Neanderthals and modern humans were interbreeding much earlier than was previously thought, scientists say.
Traces of human DNA found in a Neanderthal genome suggest that we started mixing with our now-extinct relatives 100,000 years ago.
Previously it had been thought that the two species first encountered each other when modern humans left Africa, about 60,000 years ago.
This has got the Beeb in a bit of a tizzy. How could they be interbreeding forty thousand years before we left Africa? Unless they did it by post of course.
Or it could be that the whole out of Africa theory is a load of tosh.
If they have found a fossil from 100,000 years ago what's the betting it was not the first 'contact'. That they may have been there another hundred thousand years before that.
If early humans were having sex with Neanderthals 100,000 years ago, then they must have been doing so outside of Africa because our close relatives were not found there.
And this means that they had left Africa before the larger dispersal that took place at least 40,000 years later.

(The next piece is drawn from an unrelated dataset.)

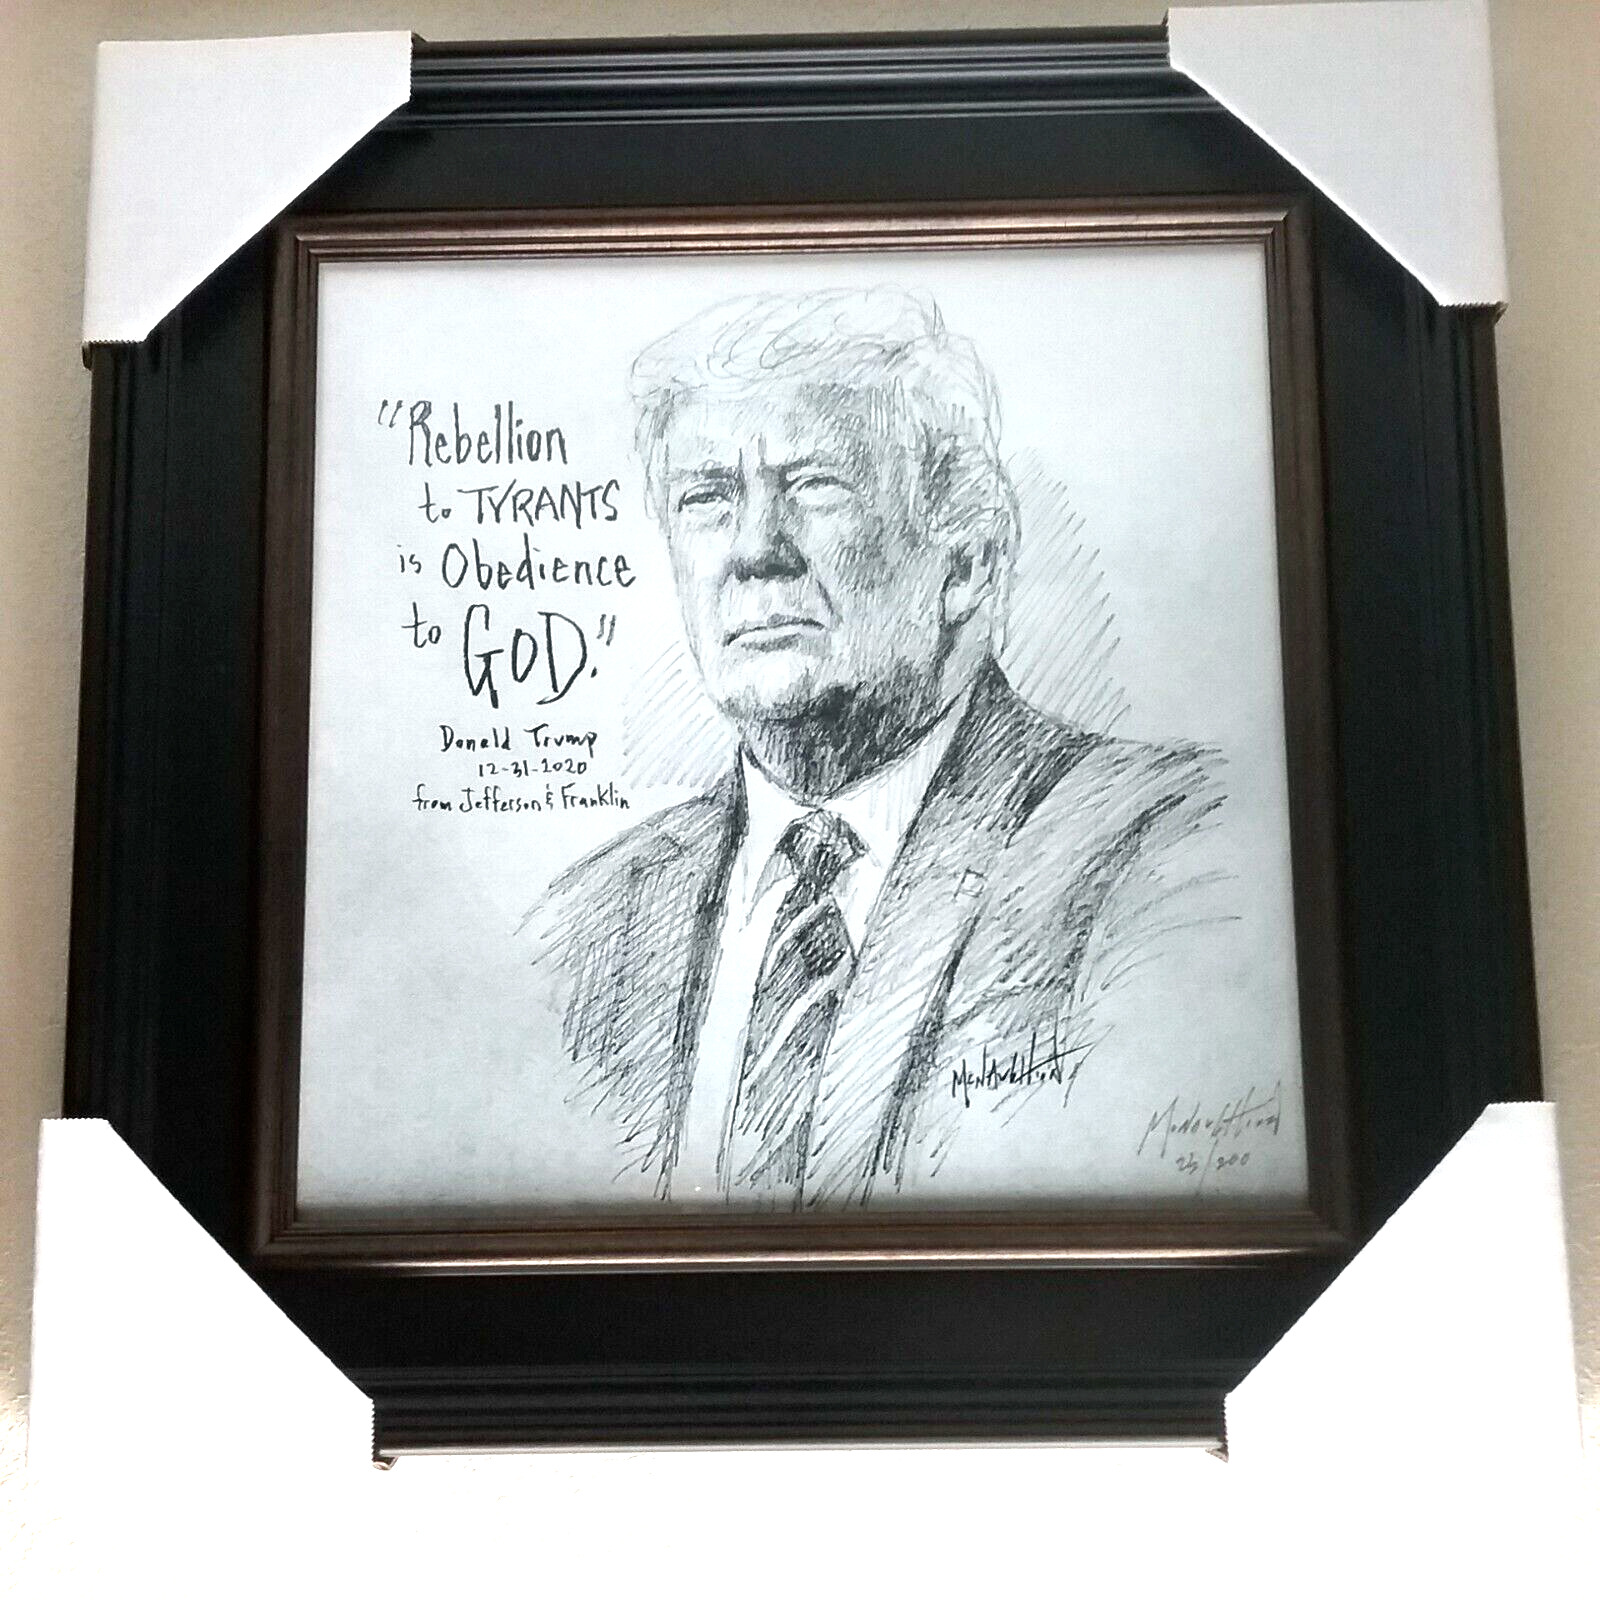 Donald Trump Drawing Personal Message Signed Dated 2020 Custom Frame 23/200

This adds to the idea that early forays out of the continent took place. Other recent evidence includes early human fossils found in Skhul and Qafzeh in Israel, and recent research that suggests people were living in China at least 80,000 years ago.
http://www.bbc.co.uk/news/science-environment-35595661
So, the evidence is mounting up that humans were outside Africa even further back in history. Perhaps they've got it all wrong. Perhaps some humans left their northern or asiatic homelands and went to Africa to live and those who stayed behind in the cold needed a bit of company at night?